Light Slabs are defined by the function: \(L(u, v, s, t)\), where \(u, v, s, t\) are values that describe two coordinate systems. The idea is that given two 2D planes in space, a ray in the scene will intersect each plane at exactly one point. By defining the first plane with coordinates \((u, v)\) and the second plane with \((s, t)\), we can uniquely describe a ray with these four coordinates [1].

To learn all the function \(L(u, v, s,t)\), we make use of the many different angles captured of a scene. Each view will then contain many rays described by the \(u, v\) and \(s, t\) coordinates, and the corresponding radiance will be mapped. Then, to synthesize a new view, a novel 2D slice can be taken. By placing a new camera in the scene, rays can be projected from the scene onto to this camera coordinate system, which is denoted as a set of rays \({R_1, R_2, ..., R_N}\). Each ray \(R_i\) is defined by the coordinates \((u_i, v_i, s_i, t_i)\) and the radiance is mapped to the pixel.

4dlf

Fig 1. Light field visualized. [1]

Pros and Cons

The main benefit of using this traditional method for novel view synthesis is that it doesn’t reqiure lots of memory and can be easily implemented on workstations and personal computers.
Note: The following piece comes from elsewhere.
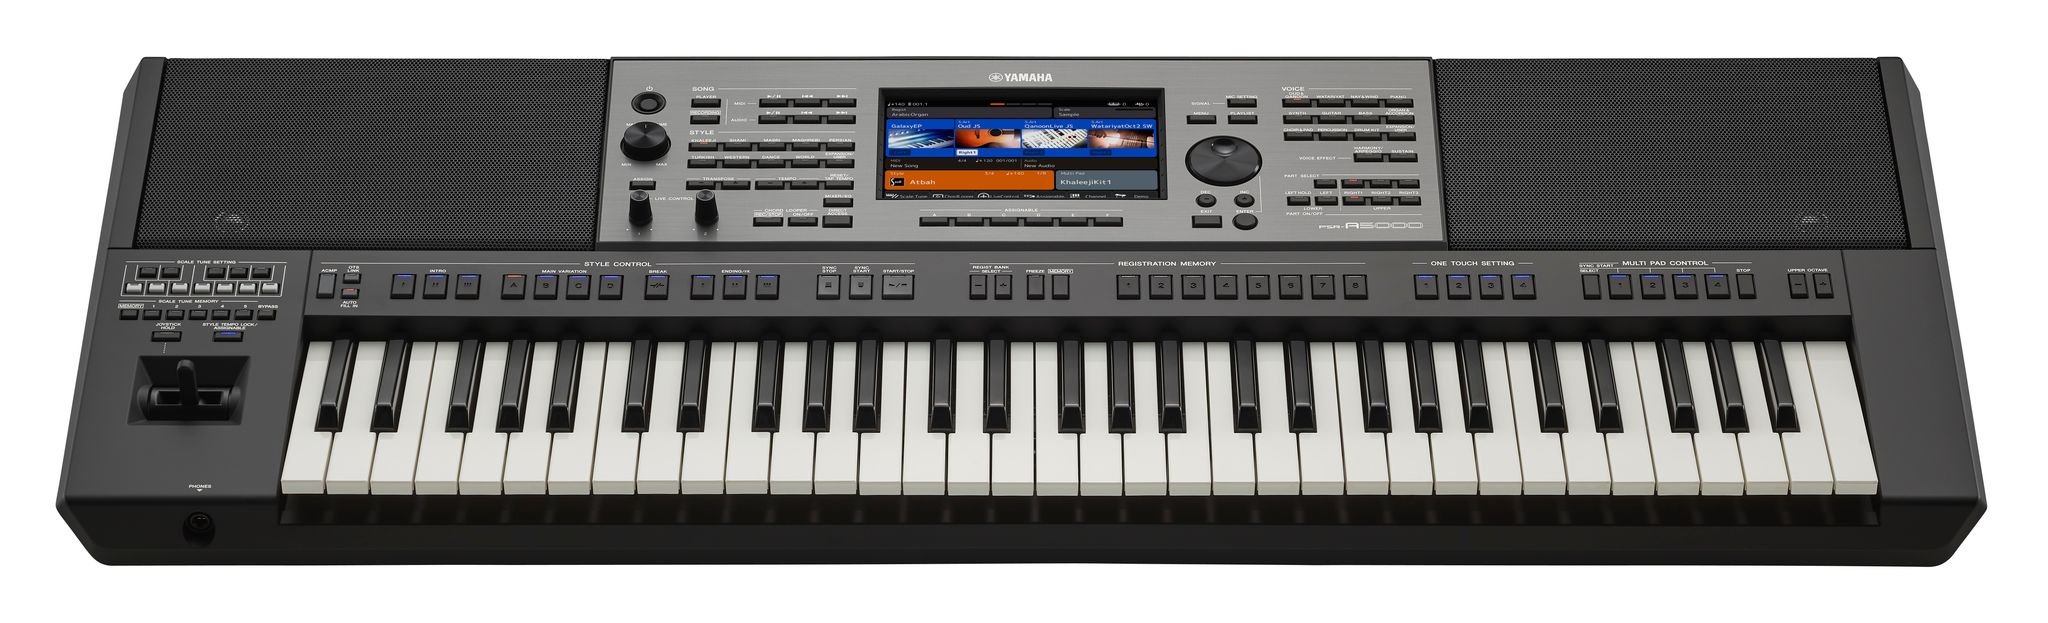 Yamaha Psr-a5000 - Entertainer Keyboard - Variation 3

Although storing the actual light fields themselves would require gigabytes of data, a comprehensive compression pipeline helps solve this issue. In particular, they first use vector quantization to store a limited number of reproduction vectors. Through vector quantization, the compression rate is around \((kl)/(log N)\), where k is the number of elements per vector, l is the number of bits per element (typically 8), and N is the number of reproduction vectors [1]. The second stage of the compression pipeline is an entropy coder, with the goal of reducing the cost of representing high cost indices. Many scenes involve a similar or constant colored background, and so by applying an entropy coder algorithm like gzip or Huffman coding, the representation can further be reduced by a factor of 5. Due to this compression pipeline, the light field method for novel view synthesis has lower memory requirements than the deep learning techniques described later in this article.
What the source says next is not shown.